Led by researchers in the Institute of Biological, Environmental and Rural Sciences and in Computer Science at the university, the study demonstrates the power of targeted applications of artificial intelligence to improve the quality of our crops. The work is in the journal GigaScience.

Traditional ways of recording the traits of a plant's fruit, such as their shape and size, are very labor-intensive, time-consuming, and prone to human error.

Researchers have addressed the challenge with a new AI-powered tool that analyzes images to recognize seed pods and measure them with high accuracy.

The new tool can measure a range of characteristics, including pod length, width, area and volume, all of which contribute to yield and therefore to profitability.

The research links these physical traits to specific genetic regions that influence pod shape and size, helping scientists pinpoint genes.

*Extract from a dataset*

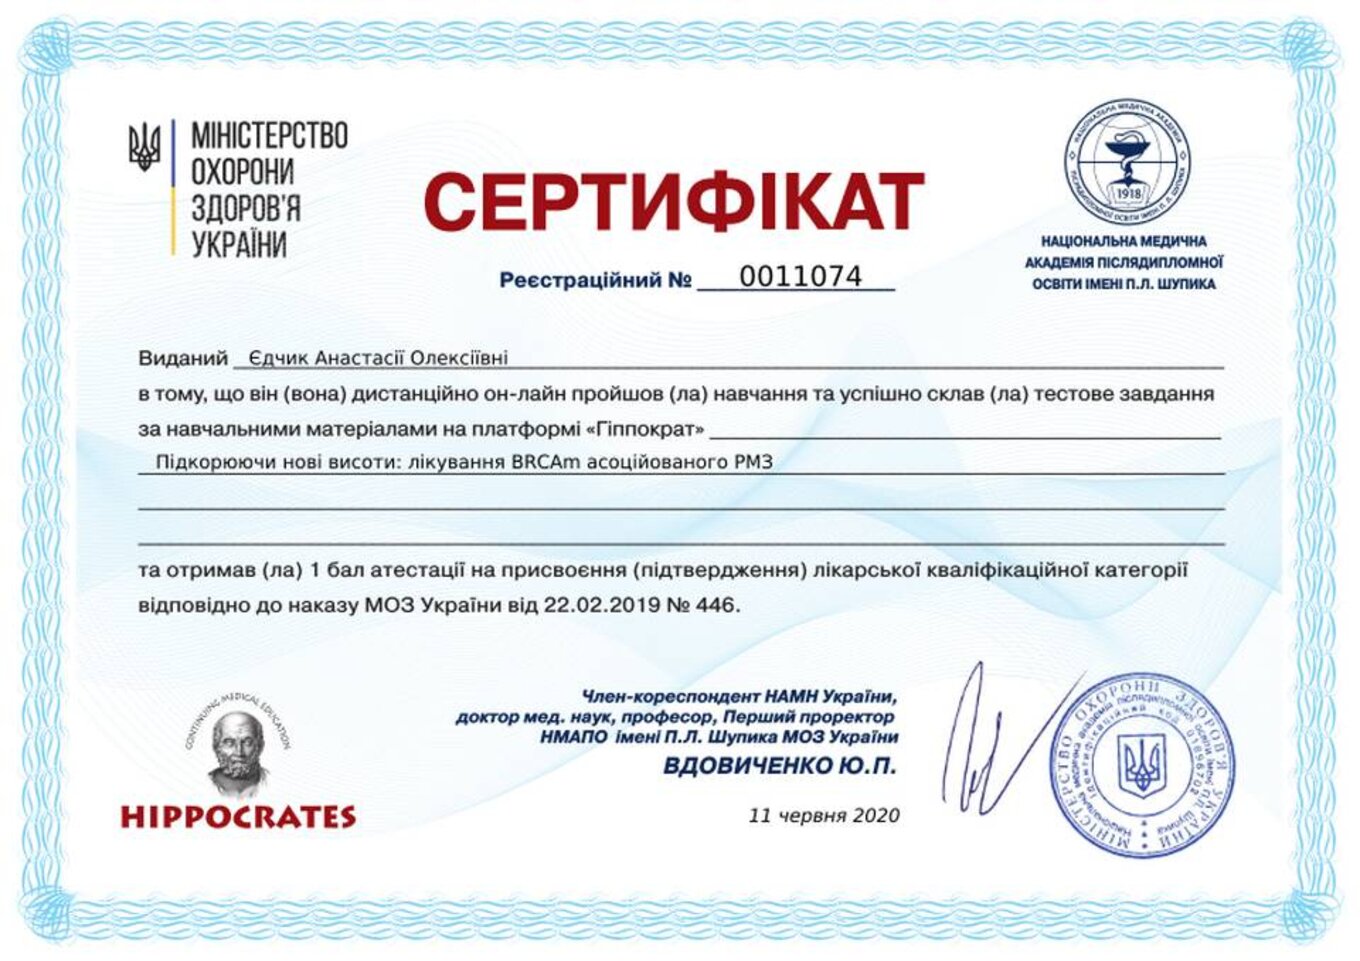 certificates/yedchik-anastasiya-oleksiyivna/erc-edchik-cert-68.jpg

Identifying these genes helps scientists better understand how plants grow and develop. Such discoveries provide valuable targets for crop breeding, making it possible to improve traits like yield, shape, and resilience.

These new AI tools could in principle be applied to any plant's fruit, and researchers have been testing it on the seeds of many crops including oil seed rape, cabbages, and even cereals such as oats, barley and wheat.

Kieran Atkins, Ph.D. researcher and project lead from IBERS in Aberystwyth University, said, "AI tools like the one we have developed have the potential to revolutionize how we can develop new varieties of crops. It really is a game changer. Our algorithm collected data on over 300,000 individual fruits—underscoring the capability of deep learning as a robust tool for phenotyping very large populations."

"One of the most exciting aspects of this work is how accessible it makes large-scale phenotyping. By removing technical and time barriers, deep learning enables more researchers to explore plant traits at a scale that wasn't practical before. It's about unlocking new possibilities for discovery and innovation in plant science."

Professor John Doonan, director of the National Plant Phenomics Centre, added, "The results demonstrate that deep learning AI can provide data with the quality and accuracy required for genetic analysis and breeding. This shows how advanced imaging and AI can transform the way we connect plant form to genetic function.

"Initially, we developed the tools for a small weedy plant that's often used as a model in labs around the world, but very similar approaches work extremely well on brassica crops. This is an important step toward scalable, data-rich phenotyping that not only accelerates research but also supports more predictive approaches to crop improvement."

The team has made their MorphPod tool available online, enabling researchers around the world to replicate or adapt the system for use with other plant species.